New dairy farmers’ accord misses key lesson

Forest & Bird cautiously welcomes Dairy NZ’s announcement of a draft new Sustainable Dairying: Water Accord today, for its commitment to engaging all dairy farmers to adopt best practice standards to improve water quality standards.

The new accord will replace the 2003 Clean Streams Accord that expired last year, and applies to all dairy companies not just Fonterra as under the previous agreement.

“The key thing that 10 years of the Clean Streams Accord has shown is that if providing encouragement and assistance fails, it is important that the poor performers are penalised for not meeting their requirements,” says Forest & Bird Advocacy Manager Kevin Hackwell.

“The latest report from the Clean Streams Accord showed 11 per cent of all dairy farmers are still seriously breaching their effluent discharge rules and consent conditions.

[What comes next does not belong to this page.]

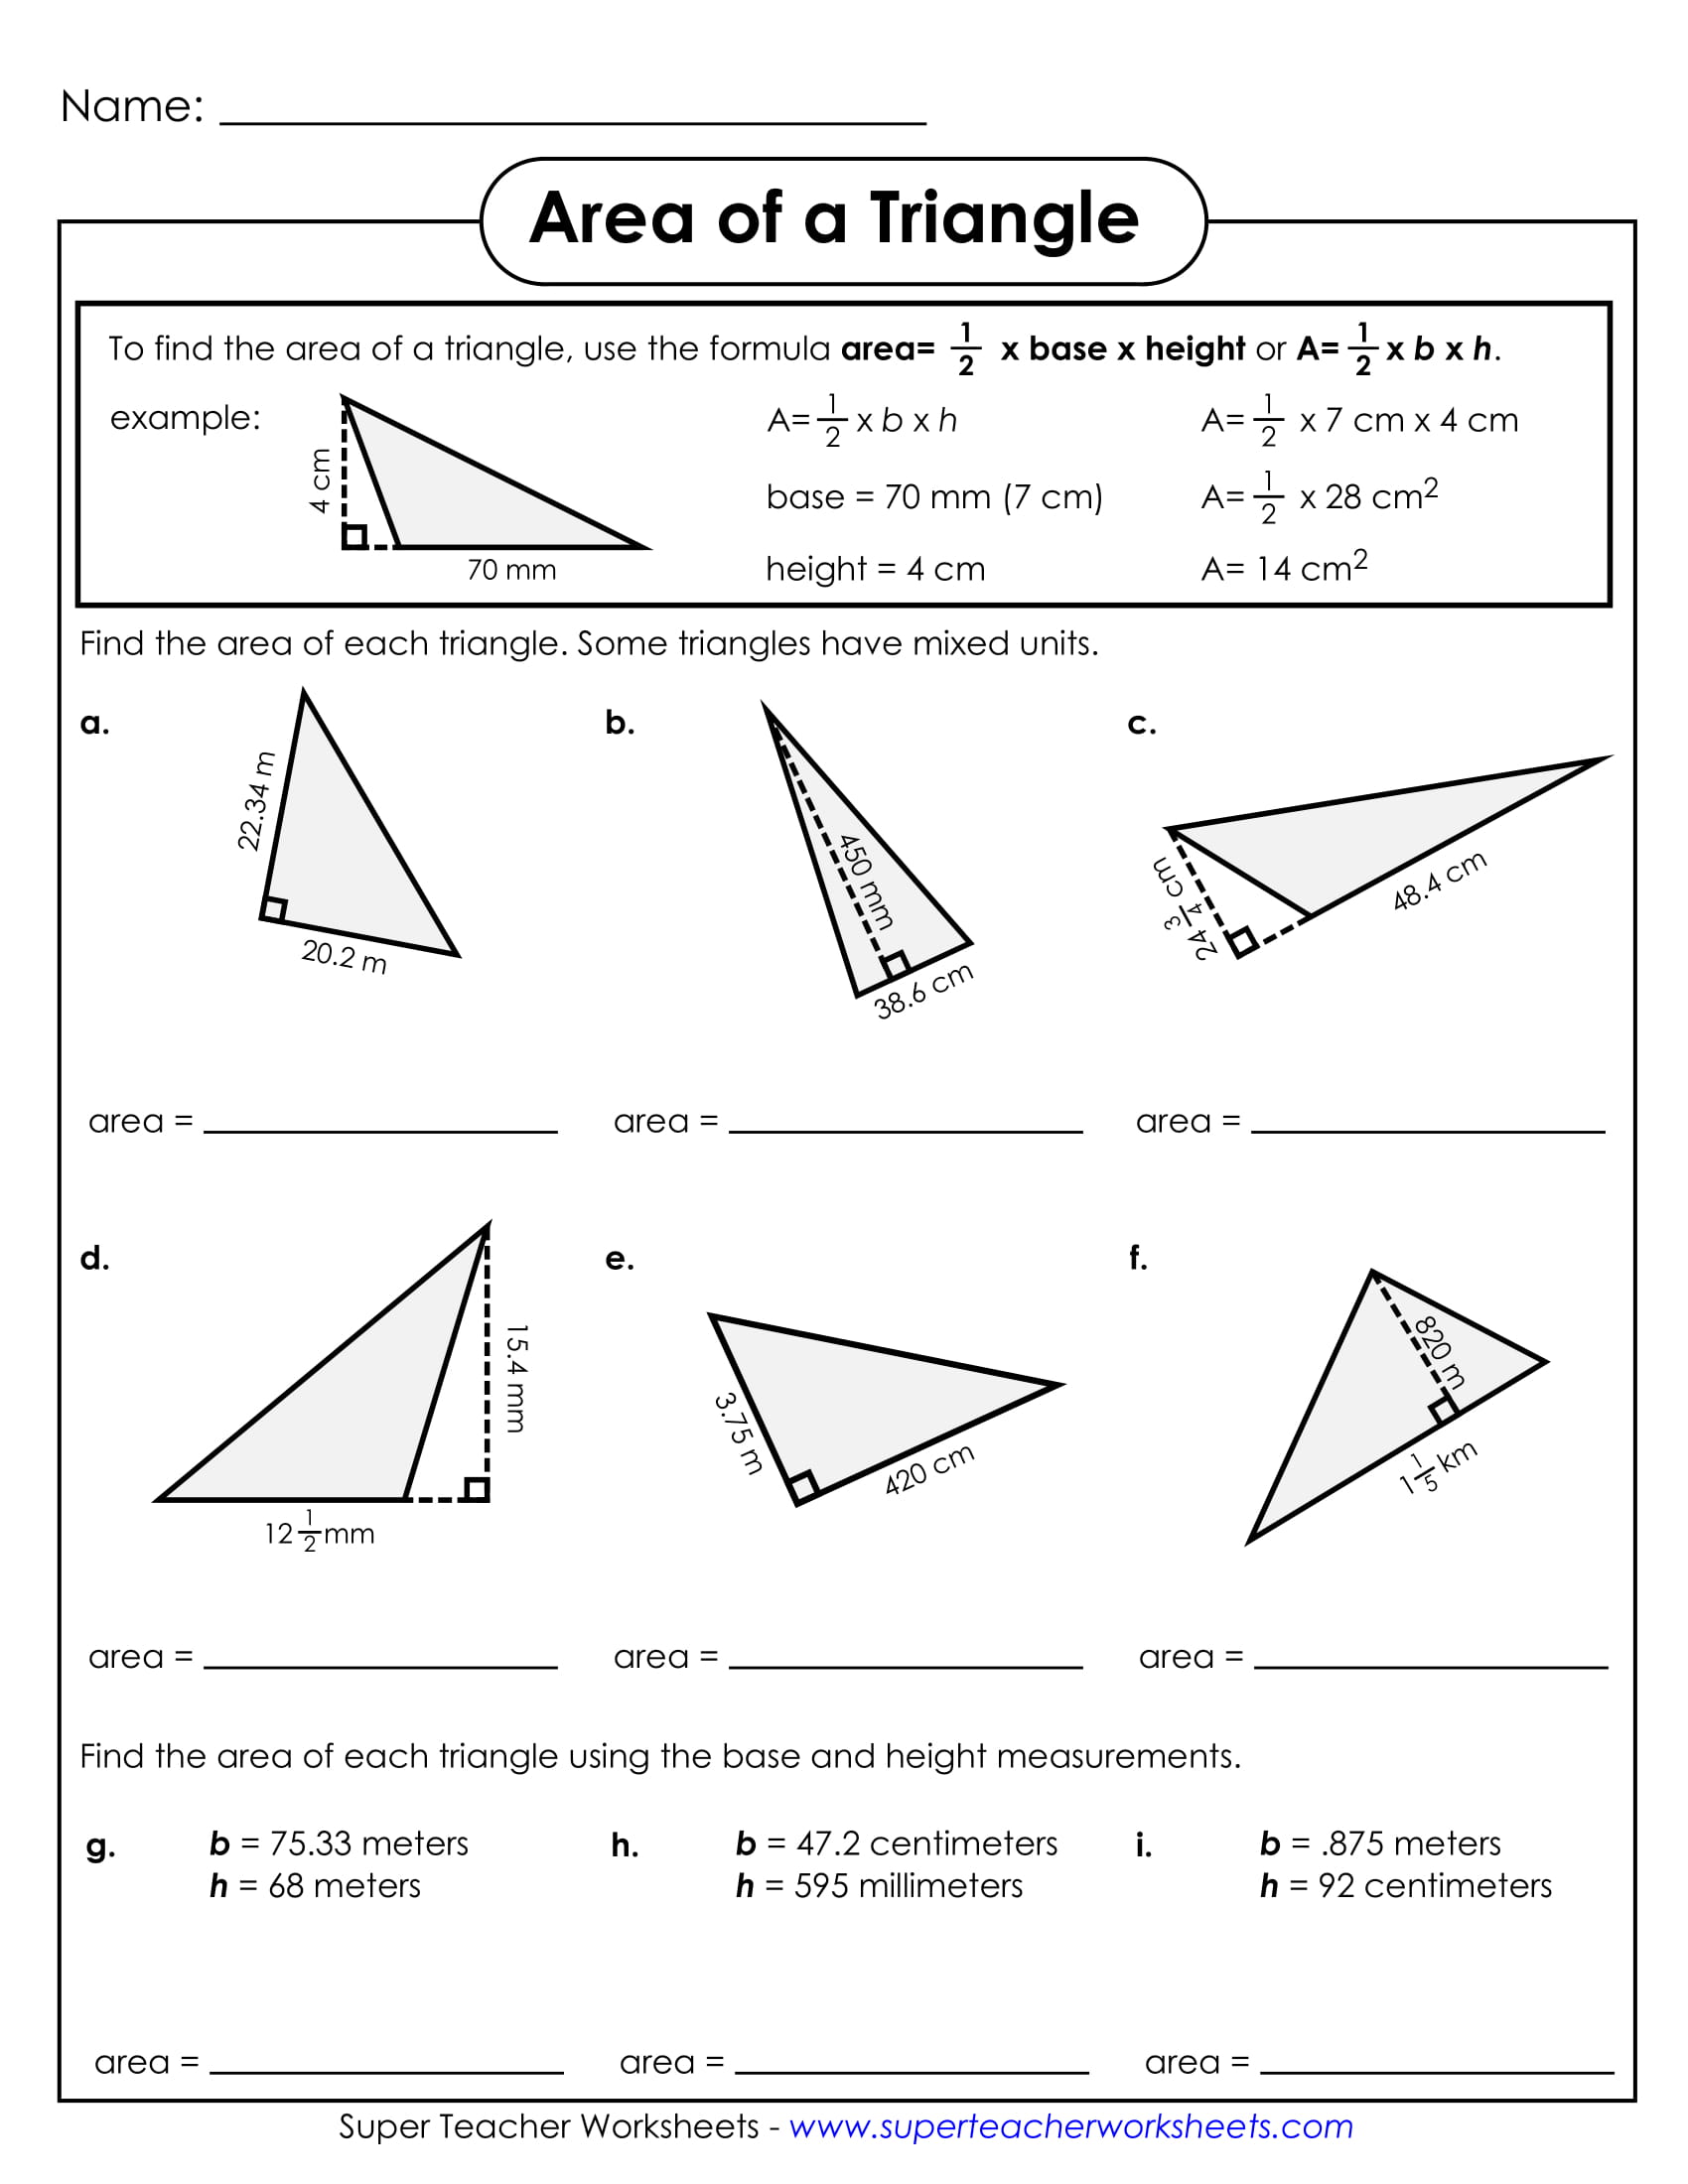 20+ Geometry Worksheet Examples for Students - PDF  Examples Inside Area Of A Triangle Worksheet

Fonterra has learnt that having penalties for non-compliance encourages those who consistently fail to meet targets to lift their game.

“This lesson that Fonterra has learnt needs to be applied to the other dairy companies and their farmer suppliers.”

“The new Sustainable Dairying: Water Accord will cover almost every dairy farmer in the country. That should be better for the environment as we’ll see more efforts everywhere to reduce nutrient run-off and exclude dairy cattle from waterways and drains.

“It is good that the new accord has expectations to reduce water use for dairy shed wash down and milk cooling. However, it is disappointing that the accord does not set itself any targets for achieving those reductions,” Kevin Hackwell says.

“Given the recommendations of the Land and Water Forum and the requirements of the National Policy Statement on Fresh Water, there is a real risk that many of the new accord’s expectations and requirements will be lower than regional council rules that will ensure water quality is maintained or improved.”

The new accord has been released for farmer and other stakeholders’ feedback before being finalised in the next few months.

With the majority of New Zealand’s lowland freshwater unsafe for swimming, Forest & Bird hopes that the final accord will be a tighter and more comprehensive commitment that will make a real difference to water quality.